Issue #17156: pygettext.py now uses an encoding of source file and correctly

serhiy-storchaka · serhiy-storchaka · commit b6ed17344b45 · 2013-02-09T22:37:22.000+02:00
writes and escapes non-ascii characters.
diff --git a/Misc/NEWS b/Misc/NEWS
@@ -215,6 +215,9 @@ Core and Builtins
 Library
 -------
 
+- Issue #17156: pygettext.py now uses an encoding of source file and correctly
+  writes and escapes non-ascii characters.
+
 - Issue #16564: Fixed regression relative to Python2 in the operation of
   email.encoders.encode_noop when used with binary data.
 
diff --git a/Tools/i18n/pygettext.py b/Tools/i18n/pygettext.py
@@ -189,8 +189,8 @@
 "Last-Translator: FULL NAME <EMAIL@ADDRESS>\\n"

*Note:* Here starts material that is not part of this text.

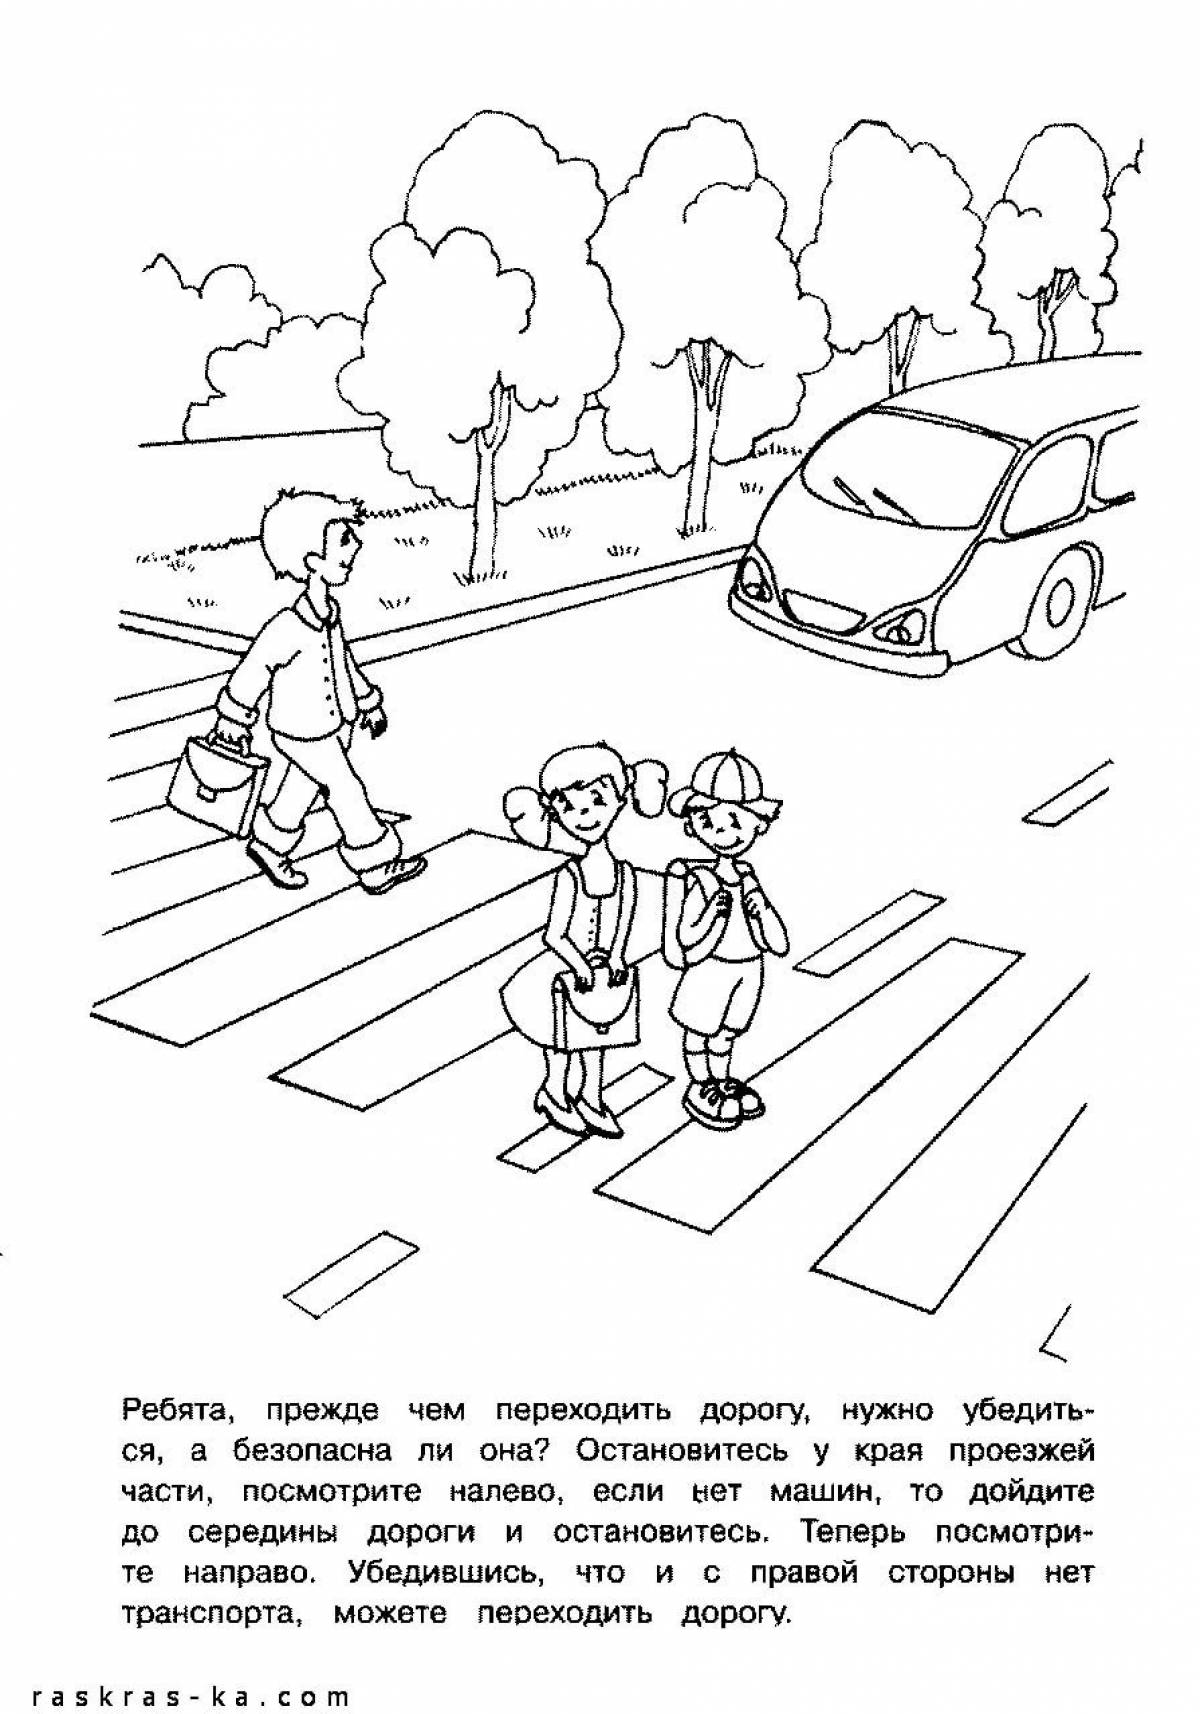 Rules of the road for schoolchildren #15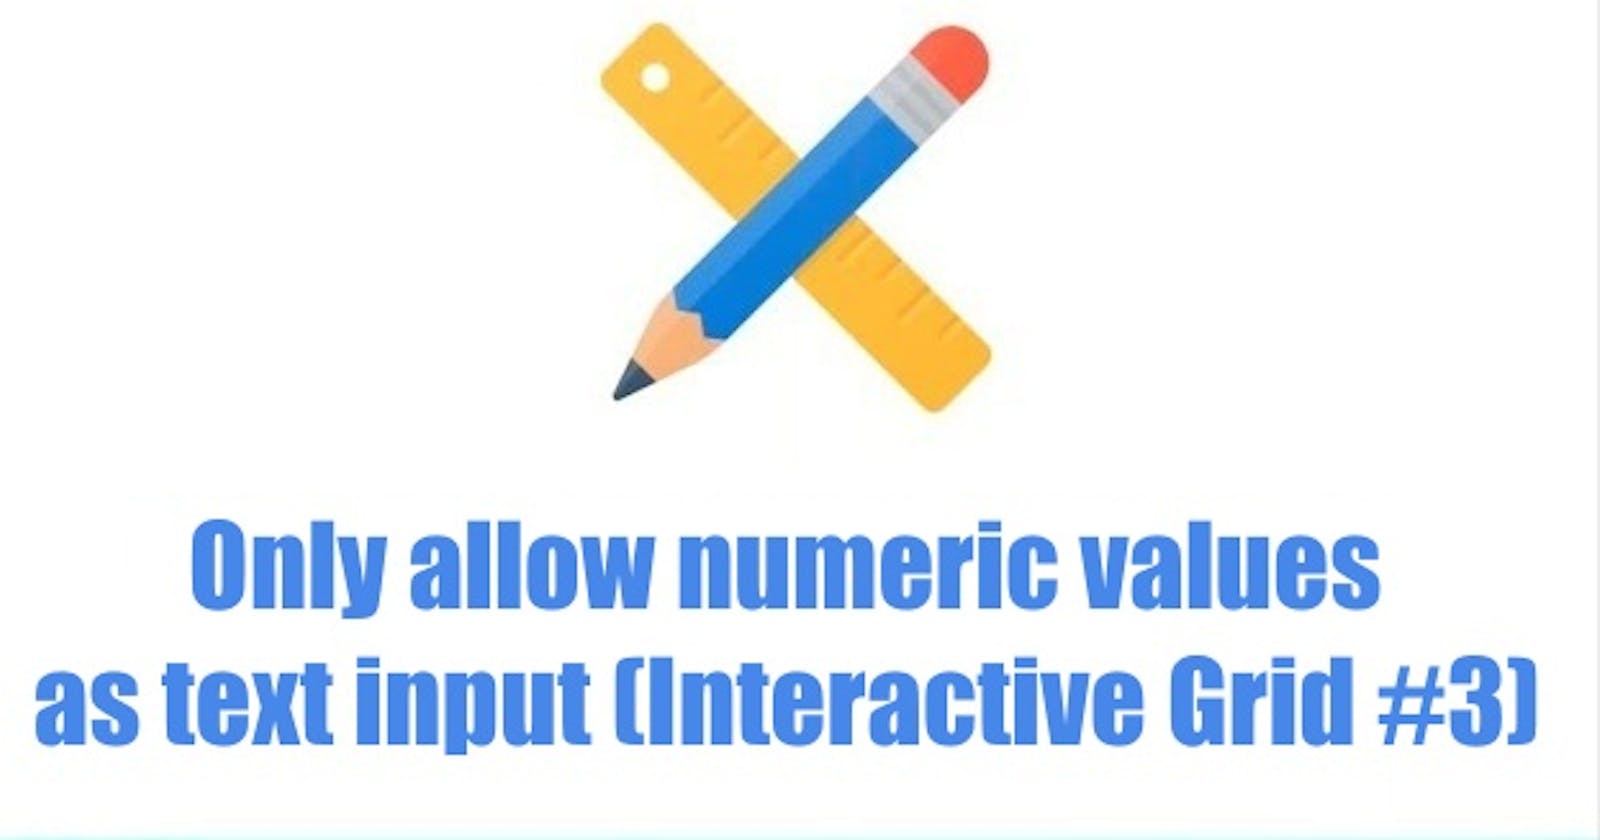 Only allow numeric values as text input (Interactive Grid #3)

 "Language-Team: LANGUAGE <LL@li.org>\\n"
 "MIME-Version: 1.0\\n"
-"Content-Type: text/plain; charset=CHARSET\\n"
-"Content-Transfer-Encoding: ENCODING\\n"
+"Content-Type: text/plain; charset=%(charset)s\\n"
+"Content-Transfer-Encoding: %(encoding)s\\n"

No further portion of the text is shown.